1.2063732-2974456289
FILE - In this Feb. 26, 2016 file photo, Can Dundar, then the editor-in-chief of opposition newspaper Cumhuriyet, waves as he leaves a prison car outside the Silivri prison near Istanbul. Journalists and staff from a Turkish newspaper staunchly opposed to President Recep Tayyip Erdogan have gone on trial in Istanbul, Monday, July 24, 2017, accused of aiding terror organizations — a case that has added to concerns over rights and freedoms in Turkey. Image Credit: AP

ISTANBUL: Directors and journalists from one of Turkey’s most respected opposition newspapers went on trial on Monday after spending over eight months behind bars in a case which has raised new alarm over press freedoms under President Recep Tayyip Erdogan.

The suspects were detained from October last year under the state of emergency implemented after the July 15, 2016 failed coup blamed on the US-based preacher Fethullah Gulen.

A total of 17 staff of the newspaper — including writers, cartoonists and executives — are going on trial at the imposing palace of justice in Istanbul.

The trial got under way with defendants reading out their identities inside a courtroom crammed with supporters, an AFP journalist said.

Earlier, supporters released dozens of multicoloured balloons outside the courthouse, chanting: “Don’t be silenced!

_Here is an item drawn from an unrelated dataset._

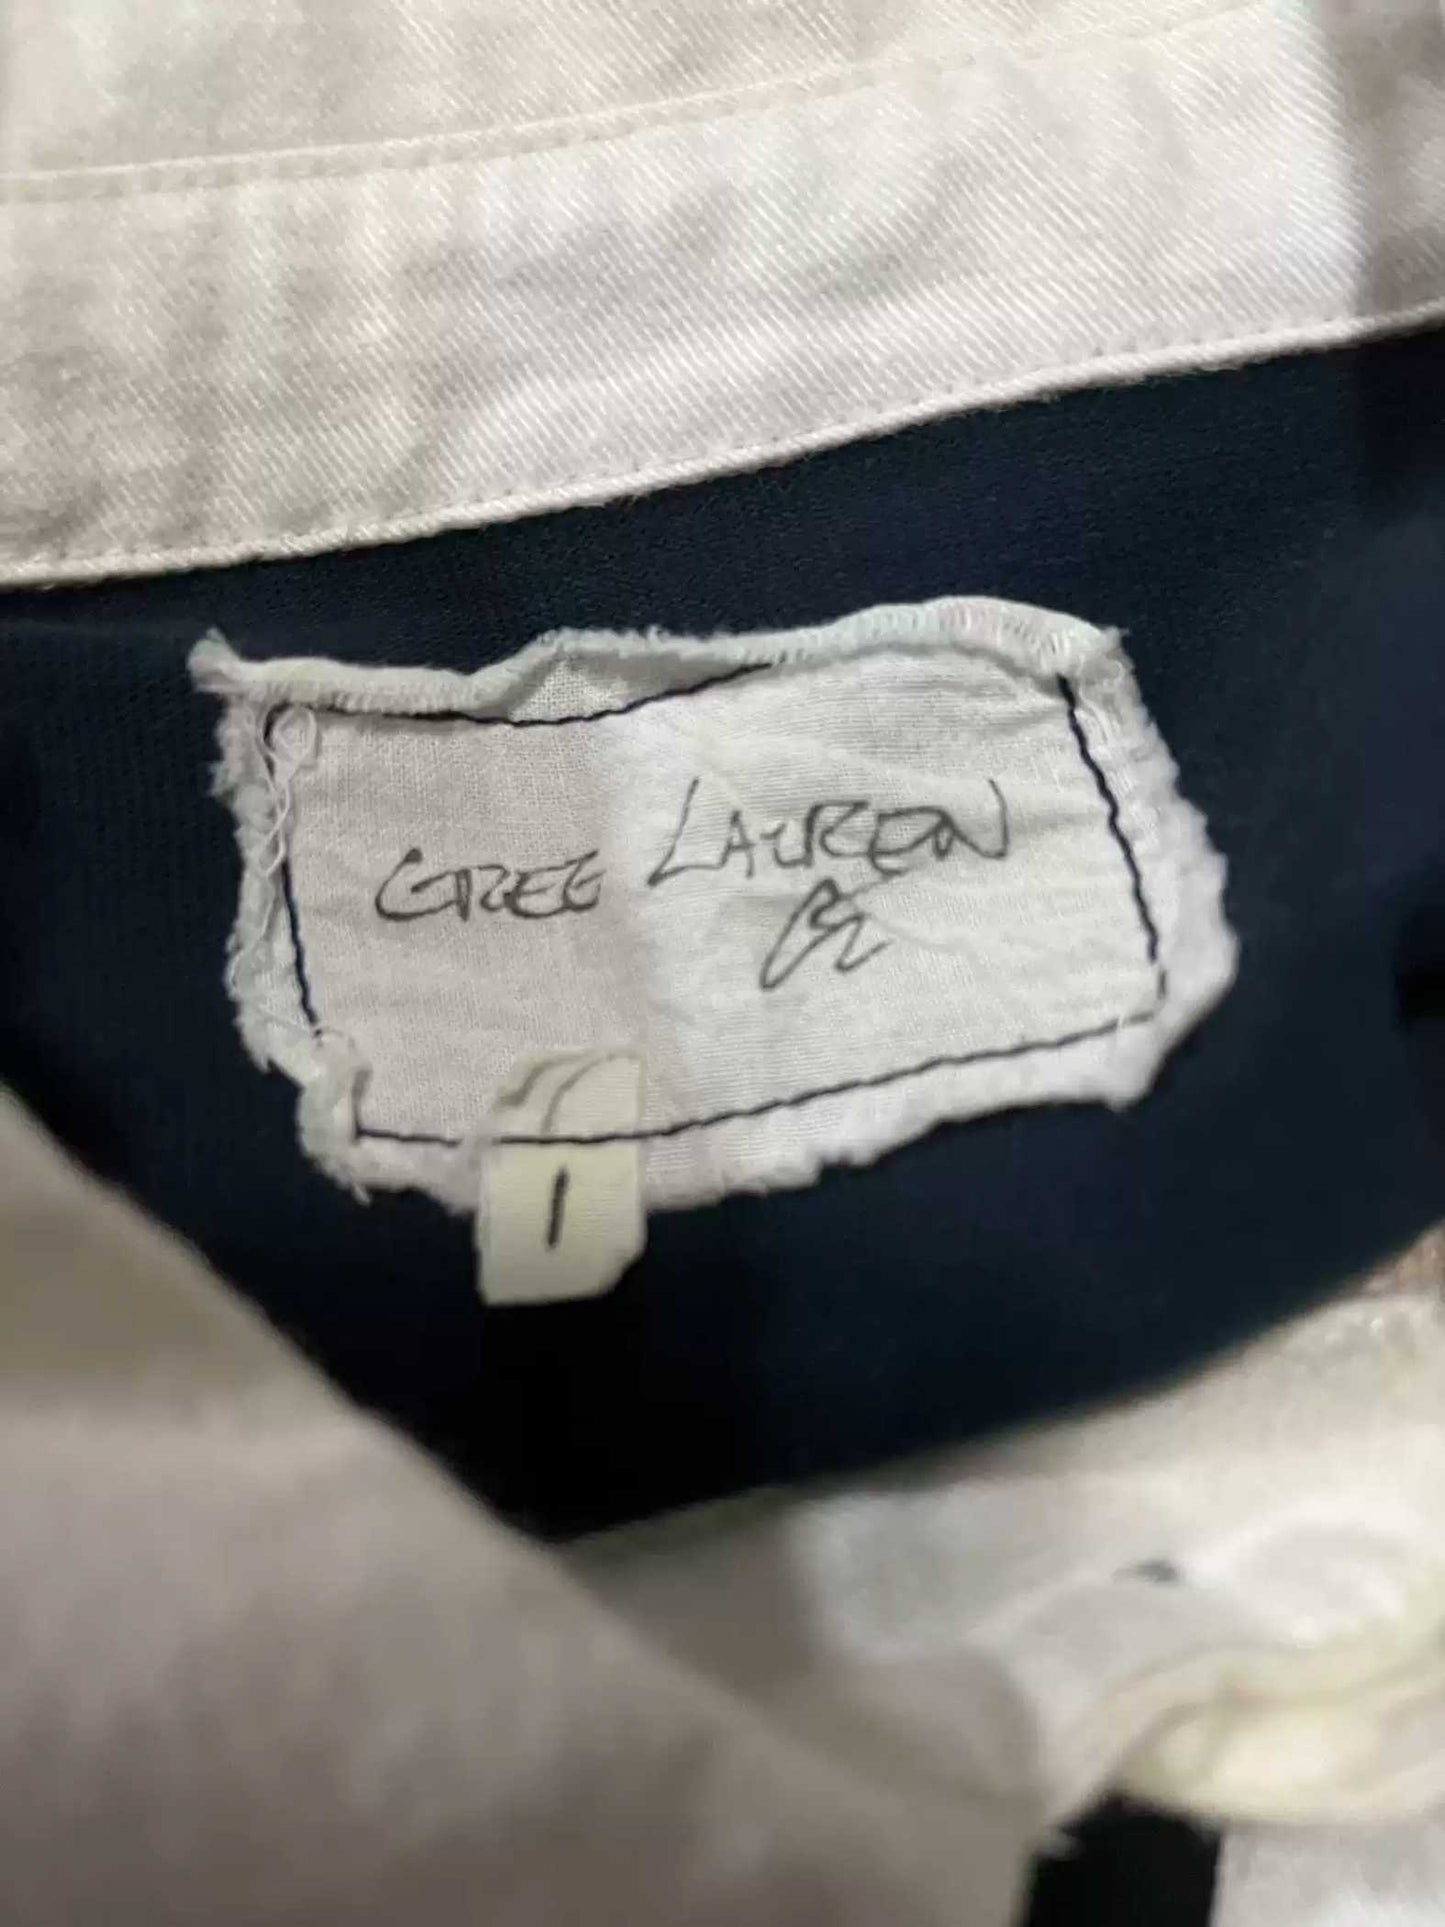 Greg Lauren Rubgy Vintage Polo Hoodie Size S

A free media is a right!”

If convicted, the defendants face varying terms of up to 43 years in jail.

The opposition fears the state of emergency has been used to go after anyone who dares defy the government and the trial is seen as a test for press freedoms under Erdogan.

Turkey ranks 155th on the latest Reporters Without Borders (RSF) world press freedom index, below Belarus and the Democratic Republic of Congo.

According to the P24 press freedom group, there are 166 journalists behind bars in Turkey, most of whom were arrested under the state of emergency.

Erdogan, however, insisted in an interview earlier this month there were just “two real journalists” behind bars in Turkey.

In an extraordinary coincidence, the day of the trial opening, July 24, is Turkey’s annual national day of the press, marking the end of censorship in the Ottoman Empire.

Blank space columns

Cumhuriyet (Republic), which was set up in 1924 and is Turkey’s oldest mainstream national title, has been a thorn in the side of Erdogan in recent years.

It is one of the few genuine opposition voices in the press, which is dominated by strongly pro-government media and bigger mainstream dailies that are increasingly wary of challenging the authorities.

Those appearing in court include some of the best known names in Turkish journalism including columnist Kadri Gursel, the paper’s editor-in-chief, Murat Sabuncu, and respected cartoonist Musa Kart.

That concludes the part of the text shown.